» **Aim of the task**
Nothing in the records may be left out or reworded; return them exactly.

» **Available records**
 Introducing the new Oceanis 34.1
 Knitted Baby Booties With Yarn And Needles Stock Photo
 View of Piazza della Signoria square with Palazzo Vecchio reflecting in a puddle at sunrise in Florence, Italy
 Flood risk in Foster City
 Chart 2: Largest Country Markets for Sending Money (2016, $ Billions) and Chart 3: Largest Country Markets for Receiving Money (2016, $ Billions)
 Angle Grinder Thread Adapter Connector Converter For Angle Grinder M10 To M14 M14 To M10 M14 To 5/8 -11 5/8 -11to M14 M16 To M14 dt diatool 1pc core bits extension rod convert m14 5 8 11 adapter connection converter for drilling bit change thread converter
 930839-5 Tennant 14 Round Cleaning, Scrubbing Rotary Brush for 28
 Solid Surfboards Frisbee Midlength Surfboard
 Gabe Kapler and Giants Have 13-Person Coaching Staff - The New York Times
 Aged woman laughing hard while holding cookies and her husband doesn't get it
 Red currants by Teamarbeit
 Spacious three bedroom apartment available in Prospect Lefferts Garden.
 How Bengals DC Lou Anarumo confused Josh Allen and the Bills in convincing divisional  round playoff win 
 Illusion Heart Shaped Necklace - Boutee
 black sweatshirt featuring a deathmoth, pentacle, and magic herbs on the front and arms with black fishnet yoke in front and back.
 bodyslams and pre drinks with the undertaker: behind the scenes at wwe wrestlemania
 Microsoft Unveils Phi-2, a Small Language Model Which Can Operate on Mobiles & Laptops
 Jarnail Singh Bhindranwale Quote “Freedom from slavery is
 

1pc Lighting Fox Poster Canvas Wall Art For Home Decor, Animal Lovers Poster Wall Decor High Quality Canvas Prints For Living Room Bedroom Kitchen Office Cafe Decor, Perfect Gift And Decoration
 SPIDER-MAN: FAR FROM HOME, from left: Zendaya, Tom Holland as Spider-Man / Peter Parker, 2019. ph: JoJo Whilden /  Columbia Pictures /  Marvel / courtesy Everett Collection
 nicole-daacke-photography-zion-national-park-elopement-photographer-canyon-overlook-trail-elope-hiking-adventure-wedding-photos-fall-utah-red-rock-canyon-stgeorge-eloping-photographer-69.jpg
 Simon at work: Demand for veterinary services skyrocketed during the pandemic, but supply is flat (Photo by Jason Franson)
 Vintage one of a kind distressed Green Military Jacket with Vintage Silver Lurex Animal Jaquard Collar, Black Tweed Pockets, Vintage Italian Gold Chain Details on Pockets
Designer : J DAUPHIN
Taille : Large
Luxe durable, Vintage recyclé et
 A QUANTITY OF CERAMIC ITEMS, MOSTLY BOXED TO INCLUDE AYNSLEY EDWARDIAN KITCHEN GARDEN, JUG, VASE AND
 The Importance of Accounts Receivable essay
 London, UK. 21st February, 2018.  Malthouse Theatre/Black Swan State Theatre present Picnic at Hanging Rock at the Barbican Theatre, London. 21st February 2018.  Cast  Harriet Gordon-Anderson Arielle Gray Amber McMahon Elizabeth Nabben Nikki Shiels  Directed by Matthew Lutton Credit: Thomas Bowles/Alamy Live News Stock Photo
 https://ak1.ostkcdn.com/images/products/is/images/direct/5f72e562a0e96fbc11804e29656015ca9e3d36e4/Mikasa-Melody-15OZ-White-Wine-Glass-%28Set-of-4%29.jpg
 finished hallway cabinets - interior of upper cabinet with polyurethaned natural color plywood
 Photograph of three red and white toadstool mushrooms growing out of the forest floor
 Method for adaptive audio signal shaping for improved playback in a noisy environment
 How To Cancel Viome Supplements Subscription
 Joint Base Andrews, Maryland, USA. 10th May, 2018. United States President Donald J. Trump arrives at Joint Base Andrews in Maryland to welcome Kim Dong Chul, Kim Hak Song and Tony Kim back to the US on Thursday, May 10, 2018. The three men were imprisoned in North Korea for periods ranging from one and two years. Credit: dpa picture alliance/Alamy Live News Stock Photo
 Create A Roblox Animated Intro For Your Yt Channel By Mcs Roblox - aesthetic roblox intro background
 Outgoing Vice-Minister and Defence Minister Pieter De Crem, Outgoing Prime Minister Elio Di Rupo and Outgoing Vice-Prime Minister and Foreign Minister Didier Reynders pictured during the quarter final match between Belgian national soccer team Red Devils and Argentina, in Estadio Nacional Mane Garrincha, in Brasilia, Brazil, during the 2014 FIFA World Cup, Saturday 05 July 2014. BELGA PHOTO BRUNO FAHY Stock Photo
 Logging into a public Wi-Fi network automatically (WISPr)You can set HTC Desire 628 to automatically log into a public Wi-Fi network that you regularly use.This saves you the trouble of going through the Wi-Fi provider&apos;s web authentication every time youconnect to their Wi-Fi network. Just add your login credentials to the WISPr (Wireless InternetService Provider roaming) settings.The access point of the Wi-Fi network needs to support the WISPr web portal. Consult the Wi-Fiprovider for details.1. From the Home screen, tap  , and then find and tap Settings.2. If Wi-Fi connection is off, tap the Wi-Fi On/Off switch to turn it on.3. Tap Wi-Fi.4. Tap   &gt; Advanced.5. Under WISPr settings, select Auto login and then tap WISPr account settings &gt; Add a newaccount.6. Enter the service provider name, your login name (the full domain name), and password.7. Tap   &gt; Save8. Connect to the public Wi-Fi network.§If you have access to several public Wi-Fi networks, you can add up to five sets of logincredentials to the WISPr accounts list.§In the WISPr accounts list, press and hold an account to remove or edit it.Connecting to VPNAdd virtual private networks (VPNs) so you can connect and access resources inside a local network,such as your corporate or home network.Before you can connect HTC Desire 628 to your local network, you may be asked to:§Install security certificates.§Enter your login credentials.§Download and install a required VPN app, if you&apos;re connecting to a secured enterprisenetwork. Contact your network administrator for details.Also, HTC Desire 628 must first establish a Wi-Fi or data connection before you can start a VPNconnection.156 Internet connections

» **Solution**
 Introducing the new Oceanis 34.1
 Knitted Baby Booties With Yarn And Needles Stock Photo
 View of Piazza della Signoria square with Palazzo Vecchio reflecting in a puddle at sunrise in Florence, Italy
 Flood risk in Foster City
 Chart 2: Largest Country Markets for Sending Money (2016, $ Billions) and Chart 3: Largest Country Markets for Receiving Money (2016, $ Billions)
 Angle Grinder Thread Adapter Connector Converter For Angle Grinder M10 To M14 M14 To M10 M14 To 5/8 -11 5/8 -11to M14 M16 To M14 dt diatool 1pc core bits extension rod convert m14 5 8 11 adapter connection converter for drilling bit change thread converter
 930839-5 Tennant 14 Round Cleaning, Scrubbing Rotary Brush for 28
 Solid Surfboards Frisbee Midlength Surfboard
 Gabe Kapler and Giants Have 13-Person Coaching Staff - The New York Times
 Aged woman laughing hard while holding cookies and her husband doesn't get it
 Red currants by Teamarbeit
 Spacious three bedroom apartment available in Prospect Lefferts Garden.
 How Bengals DC Lou Anarumo confused Josh Allen and the Bills in convincing divisional  round playoff win 
 Illusion Heart Shaped Necklace - Boutee
 black sweatshirt featuring a deathmoth, pentacle, and magic herbs on the front and arms with black fishnet yoke in front and back.
 bodyslams and pre drinks with the undertaker: behind the scenes at wwe wrestlemania
 Microsoft Unveils Phi-2, a Small Language Model Which Can Operate on Mobiles & Laptops
 Jarnail Singh Bhindranwale Quote “Freedom from slavery is
 

1pc Lighting Fox Poster Canvas Wall Art For Home Decor, Animal Lovers Poster Wall Decor High Quality Canvas Prints For Living Room Bedroom Kitchen Office Cafe Decor, Perfect Gift And Decoration
 SPIDER-MAN: FAR FROM HOME, from left: Zendaya, Tom Holland as Spider-Man / Peter Parker, 2019. ph: JoJo Whilden /  Columbia Pictures /  Marvel / courtesy Everett Collection
 nicole-daacke-photography-zion-national-park-elopement-photographer-canyon-overlook-trail-elope-hiking-adventure-wedding-photos-fall-utah-red-rock-canyon-stgeorge-eloping-photographer-69.jpg
 Simon at work: Demand for veterinary services skyrocketed during the pandemic, but supply is flat (Photo by Jason Franson)
 Vintage one of a kind distressed Green Military Jacket with Vintage Silver Lurex Animal Jaquard Collar, Black Tweed Pockets, Vintage Italian Gold Chain Details on Pockets
Designer : J DAUPHIN
Taille : Large
Luxe durable, Vintage recyclé et
 A QUANTITY OF CERAMIC ITEMS, MOSTLY BOXED TO INCLUDE AYNSLEY EDWARDIAN KITCHEN GARDEN, JUG, VASE AND
 The Importance of Accounts Receivable essay
 London, UK. 21st February, 2018.  Malthouse Theatre/Black Swan State Theatre present Picnic at Hanging Rock at the Barbican Theatre, London. 21st February 2018.  Cast  Harriet Gordon-Anderson Arielle Gray Amber McMahon Elizabeth Nabben Nikki Shiels  Directed by Matthew Lutton Credit: Thomas Bowles/Alamy Live News Stock Photo
 https://ak1.ostkcdn.com/images/products/is/images/direct/5f72e562a0e96fbc11804e29656015ca9e3d36e4/Mikasa-Melody-15OZ-White-Wine-Glass-%28Set-of-4%29.jpg
 finished hallway cabinets - interior of upper cabinet with polyurethaned natural color plywood
 Photograph of three red and white toadstool mushrooms growing out of the forest floor
 Method for adaptive audio signal shaping for improved playback in a noisy environment
 How To Cancel Viome Supplements Subscription
 Joint Base Andrews, Maryland, USA. 10th May, 2018. United States President Donald J. Trump arrives at Joint Base Andrews in Maryland to welcome Kim Dong Chul, Kim Hak Song and Tony Kim back to the US on Thursday, May 10, 2018. The three men were imprisoned in North Korea for periods ranging from one and two years. Credit: dpa picture alliance/Alamy Live News Stock Photo
 Create A Roblox Animated Intro For Your Yt Channel By Mcs Roblox - aesthetic roblox intro background
 Outgoing Vice-Minister and Defence Minister Pieter De Crem, Outgoing Prime Minister Elio Di Rupo and Outgoing Vice-Prime Minister and Foreign Minister Didier Reynders pictured during the quarter final match between Belgian national soccer team Red Devils and Argentina, in Estadio Nacional Mane Garrincha, in Brasilia, Brazil, during the 2014 FIFA World Cup, Saturday 05 July 2014. BELGA PHOTO BRUNO FAHY Stock Photo
 Logging into a public Wi-Fi network automatically (WISPr)You can set HTC Desire 628 to automatically log into a public Wi-Fi network that you regularly use.This saves you the trouble of going through the Wi-Fi provider&apos;s web authentication every time youconnect to their Wi-Fi network. Just add your login credentials to the WISPr (Wireless InternetService Provider roaming) settings.The access point of the Wi-Fi network needs to support the WISPr web portal. Consult the Wi-Fiprovider for details.1. From the Home screen, tap  , and then find and tap Settings.2. If Wi-Fi connection is off, tap the Wi-Fi On/Off switch to turn it on.3. Tap Wi-Fi.4. Tap   &gt; Advanced.5. Under WISPr settings, select Auto login and then tap WISPr account settings &gt; Add a newaccount.6. Enter the service provider name, your login name (the full domain name), and password.7. Tap   &gt; Save8. Connect to the public Wi-Fi network.§If you have access to several public Wi-Fi networks, you can add up to five sets of logincredentials to the WISPr accounts list.§In the WISPr accounts list, press and hold an account to remove or edit it.Connecting to VPNAdd virtual private networks (VPNs) so you can connect and access resources inside a local network,such as your corporate or home network.Before you can connect HTC Desire 628 to your local network, you may be asked to:§Install security certificates.§Enter your login credentials.§Download and install a required VPN app, if you&apos;re connecting to a secured enterprisenetwork. Contact your network administrator for details.Also, HTC Desire 628 must first establish a Wi-Fi or data connection before you can start a VPNconnection.156 Internet connections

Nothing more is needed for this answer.